Unfortunately, when the case returned to the House of Lords, there was no need for it to consider the correct interpretation of the Working Time Regulations in light of the ECJ judgment. However, it seemed that allowing, or requiring, a worker to take paid holiday during a period of sickness would fit most easily with the regulations, as there would be no need to allow carry-over of annual leave into the following leave year.
What did the subsequent ruling in Pereda mean for sickness and holiday?
Stringer was closely followed by another ECJ decision on sickness and holiday, Pereda v Madrid Movilidad SA.
Francisco Vicente Pereda had been allocated a period of holiday but, following an accident at work, he was unable to take most of it. He asked his employer to allocate him another period of holiday to compensate for the missed leave.
When the employer refused, he challenged this decision in the Spanish courts. They referred the case to the ECJ, which held that Pereda’s period of sick leave should not have counted towards his minimum period of four weeks’ paid holiday under the Working Time Directive.
The ECJ ruled that national laws and collective agreements must not prevent a worker who is on sick leave during a period of scheduled holiday from taking the holiday at a later time. The worker must be able to take the holiday at a later time even if this means taking it outside the leave year in which the leave was accrued.

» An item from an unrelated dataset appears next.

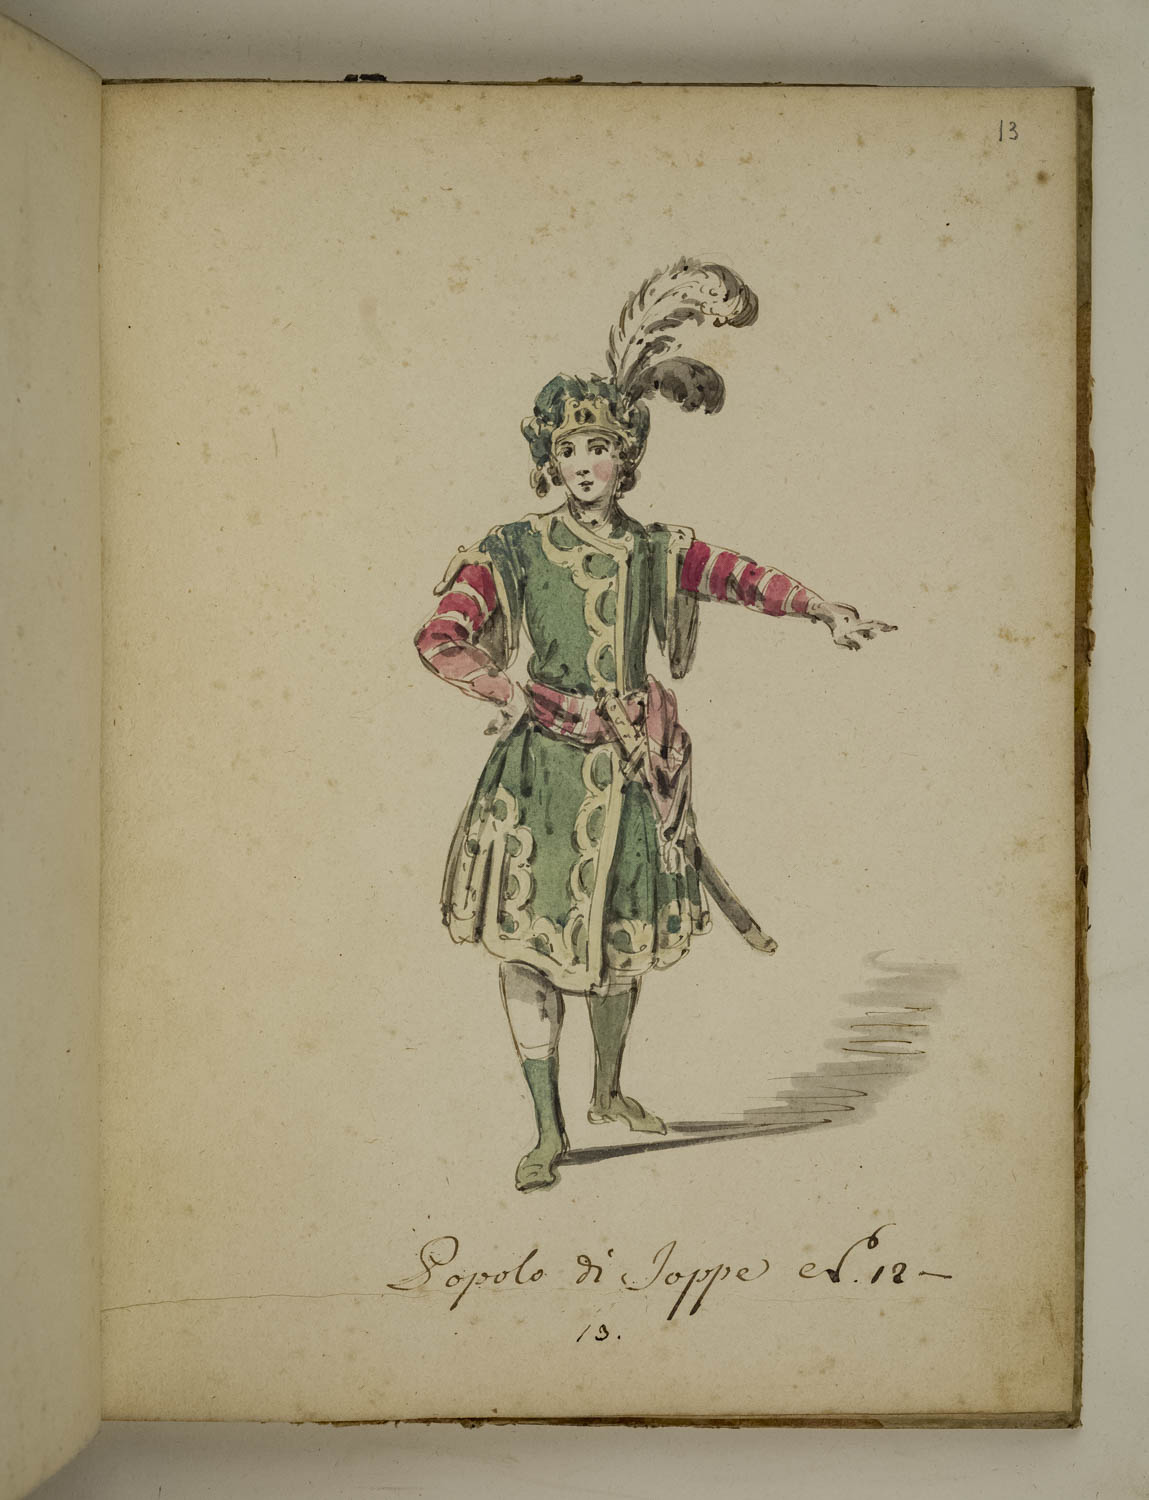 Popolo di Joppe, figurino di costume teatrale per personaggi maschili nel ruolo del popolo di Joppe (disegno) di Marini Leonardo (terzo quarto sec. XVIII)

So, although, according to the ECJ decisions, workers can take paid holiday during a period of sickness, if they prefer not to, they must be allowed to take the leave at a later date, even if this means carrying it over into another holiday year.
What does this mean for employers’ sickness and holiday policies?
Sickness and annual leave
Public sector employees could argue that article 7 of the Working Time Directive is sufficiently precise to have direct effect, allowing them to rely on the ECJ’s interpretation of the directive. Private sector employees would ordinarily have to rely on the Working Time Regulations 1998.
However, recent developments mean that it may be possible for the Working Time Regulations to be interpreted in line with Pereda, without the need to consider if public sector workers are able to rely on direct effect.
An employment tribunal recently ruled that the Working Time Regulations could be interpreted to give effect to Pereda, meaning that the employer’s refusal to allow the employee to retake in a new leave year a period of holiday affected by a broken ankle was a breach of the regulations (Shah v First West Yorkshire Limited ET/1809311/09).
The tribunal took into account the EAT decision in EBR Attridge Law LLP and another v Coleman (No.2)  IRLR 10 EAT, in which the EAT was willing to read several subsections into the Disability Discrimination Act 1995 so that it complied with the ECJ’s interpretation of another directive. It did this on the basis that this did not go against the overall purpose of the Act.
The employment tribunal in Shah was satisfied that interpreting regulation 13(9) of the regulations (which prohibits carry-over of the minimum four weeks’ paid leave entitlement) in accordance with Pereda was entirely consistent with the underlying thrust of the legislation.
It therefore read into it that the basic four-week statutory leave entitlement can be taken only in the leave year that it falls due, “save where a worker has been prevented by illness from taking a period of holiday leave and returns from sick leave, covering that period of holiday leave, with insufficient time to take that holiday leave within the relevant leave year, in which case, [he or she] must be given the opportunity of taking that holiday in the following leave year”.
While the decision is not binding, it gives an indication of how other tribunals could approach the issue.